Di lokasi terpisah, seorang pemuda bernama Arifin (Deva Mahenra)- seorang analis BMKG - melihat kondisi cuaca yang terjadi sudah melewati batas normal dan terus berdebat dengan Hadi (Ferry Salim) - atasannya mengenai apa yang harus dilakukan. Ia merasa bencana banjir yang jauh lebih besar akan terjadi bila kondisi cuaca tidak diantisipasi. Di saat sedang melakukan beberapa antisipasi penanggulangan bencana, kembali ia dipertemukan dengan Addri. Pada saat bersamaan, kekasih Arifin, Denanda (Acha Septriasa) seorang dokter juga tak mau tinggal diam membantu menyelamatkan nyawa penduduk.

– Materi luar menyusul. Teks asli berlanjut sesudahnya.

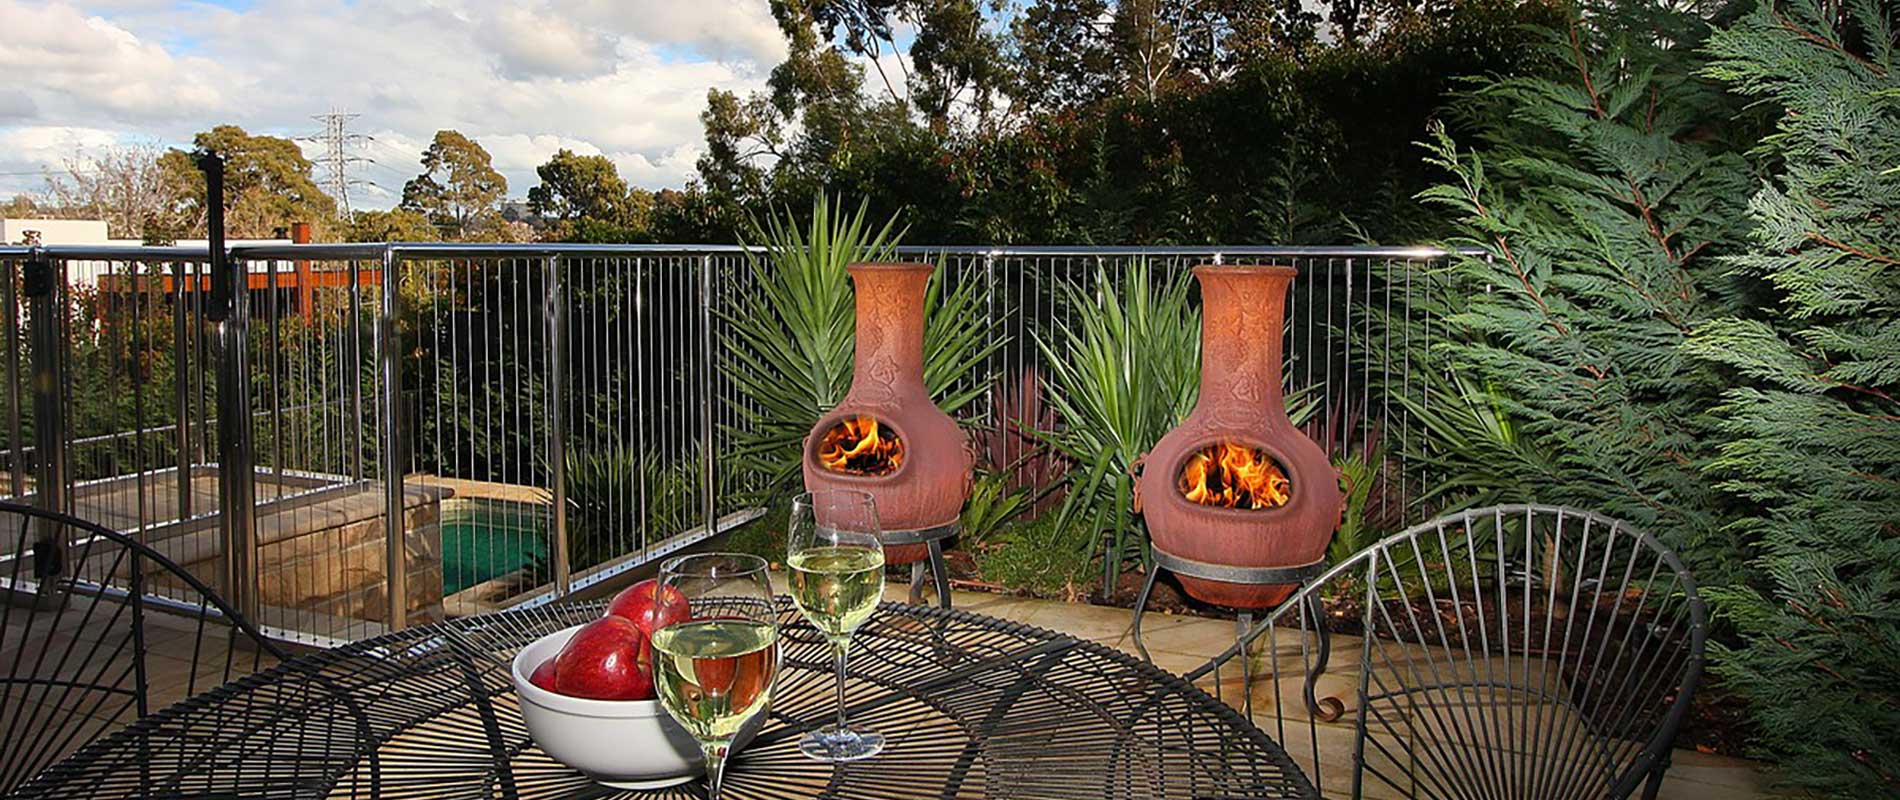 Aussie Heatwave Outdoor Fireplaces, Chiminea Fire Pit Pizza Oven

Cuaca terus memburuk, hujan badai tak henti menerpa dan banjir siap menenggelamkan Jakarta. Sepak terjang Addri dan Arifin dalam menangani bencana dan mencari cara untuk menanggulanginya begitu menegangkan. Di tengah tantangan tinggi yang hampir membuat putus asa, Addri dan Arifin dipertemukan dengan Prof. Dr. Irwan Pongky (Yayu Unru) ahli sejarah yang menguasai pengetahuan terowongan bawah tanah buatan Belanda dan menjadi kunci bagi pemecahan masalah bencana banjir yang dihadapi kota Jakarta.
Seluruh pihak yang berjuang untuk dapat meminimalisir korban dan menguasai situasi juga didukung penuh oleh Pemerintah Provinsi DKI Jakarta yang dipimpin oleh Gubernur (Donny Damara) secara bijaksana dan dihormati oleh seluruh warganya.
Mengharukan saat Addri harus memilih antara menyelamatkan keluarganya sendiri atau penduduk Jakarta. Dalam kondisi bencana seperti itu, istri Addri, Indri (Putri Ayudya, Wajah Femina 2008) menjadi contoh wanita yang tabah dan memiliki kebesaran hati mendukung pekerjaan suaminya. Sikapnya yang memahami kesibukan Addri sebagai anggota tim SAR Nasional yang begitu menyita waktu bisa jadi pelajaran bagi wanita yang memiliki kondisi sama.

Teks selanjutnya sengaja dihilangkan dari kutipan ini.